Martin Arnold hält fest: «Das See-Spital und das Spital Affoltern können dieses Risiko nicht tragen, und den Gemeinden fehlt eine gesetzliche Grundlage.» Deshalb seien die Gemeinden der Bezirke Horgen und Affoltern sowie das See-Spital und das Spital Affoltern zum Schluss gekommen, keine Offerte für ein Impfzentrum einzureichen.
Das See-Spital ergänzt, es könne die Anforderungen, welche die Gesundheitsdirektion stelle, aktuell nicht organisieren und umsetzen. Zu diesen Anforderungen gehört ein ganzer Katalog, angefangen beim Personal, das impft, bis zur Infrastruktur, inklusive Wartebereich und Notfallzimmer. Noch unklar ist gemäss Ausschreibung, wie sich die Impfwilligen anmelden können. Auch diesbezüglich werden die Betreiber möglicherweise in die Pflicht genommen.
Impfzentrum in Turnhalle
Der Bezirk Meilen will trotz schwieriger Voraussetzungen ein Impfzentrum stemmen. Er geht aber in Absprache mit der Region Winterthur und Uster einen eigenen Weg.
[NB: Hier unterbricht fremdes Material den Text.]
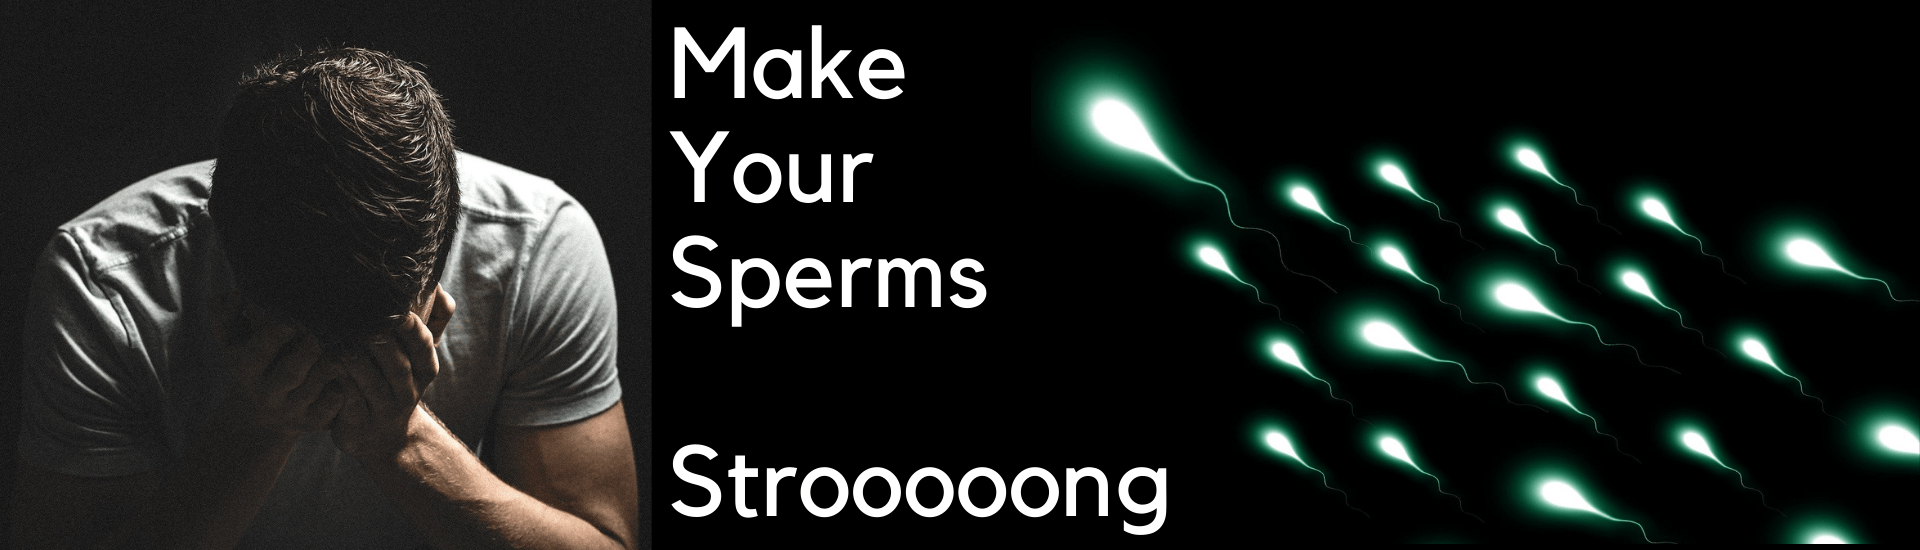 make sperms too stroong

Statt ein einziges Impfzentrum in der Grossregion Winterthur-Oberland-See soll es drei geben. «Das Spital Männedorf reicht – in Kooperation mit den Gemeinden – ein Angebot ein», sagt Markus Ernst.
Wie Markus Ernst bekannt gibt, ist das rechtsufrige Impfzentrum in einer Turnhalle in unmittelbarer Nähe des Bahnhofs Meilen geplant. Die Kapazität des Meilemer Impfzentrums werde auf die Nachfrage ausgelegt, also gut 1000 Personen täglich. Bei Belastungsspitzen an Wochenenden soll es zusätzliche Kapazität ermöglichen.
Er sagt: «Ich hoffe fest, dass die Gesundheitsdirektion bei der Vergabe die Interessen der Gemeinde und damit der Einwohnerinnen und Einwohner berücksichtigt.» Laut Ausschreibung vergibt sie die Aufträge spätestens am 22. Januar.
Unterstützung zugesichert
Bleibt die Bevölkerung im Bezirk Horgen auf der Strecke? Das ist nicht das Ziel der linksufrigen Politiker und des See-Spitals. «Wir bieten selbstverständlich unsere Unterstützung an, wenn jemand ein Impfzentrum betreiben will», hält Martin Arnold fest. Dies hätten die Gemeinden und die Spitäler der Gesundheitsdirektion mitgeteilt.
Infrage kommen für Martin Arnold kleinere, aber zentral gelegene Impfzentren, beispielsweise in Horgen oder Thalwil. Der Kanton müsste den Bezirk Horgen aber explizit dazu auffordern. «Es wäre lösbar», sagt Arnold, «doch es hängt vom finanziellen Risiko ab.»
Das See-Spital stellt ebenfalls Hilfe in Aussicht. «Wir leisten sicher einen Beitrag, damit die regionale Bevölkerung schnellstmöglich geimpft werden kann», teilt die Medienverantwortliche des See-Spitals, Melanie Roche, mit. Das Spital könne Unterstützung mit medizinischem Personal bieten. Es könnte impfen und die geimpften Personen überwachen. «Im Detail sind sicher auch weitere Unterstützungen möglich», sagt sie. Das See-Spital habe selbstverständlich grosses Interesse daran, in einem Impfzentrum aktiv mitzuwirken. Eine adäquate Variante wäre eine dezentrale Impfung durch Hausärzte und Spital. Es gebe aber noch viele offene Fragen bezüglich Lagerung und Verteilung der Impfstoffe.
Wo ein solches Impfzentrum entstehen könnte und wer es beitreiben würde, ist aber offen. Die Gesundheitsdirektion gibt dazu keine Auskunft. Zurzeit sind auch keine Pläne bekannt, in dem seit kurzem leer stehenden Paracelsus-Spital in Richterswil, das aus finanziellen Gründen den stationären Bereich aufgeben musste, ein Impfzentrum aufzubauen. Die NSN Medical, welche das Paracelsus-Spital betrieben hatte, habe sich diese Möglichkeit überlegt, aber wieder verworfen, wie CEO Jürgen Robe sagt.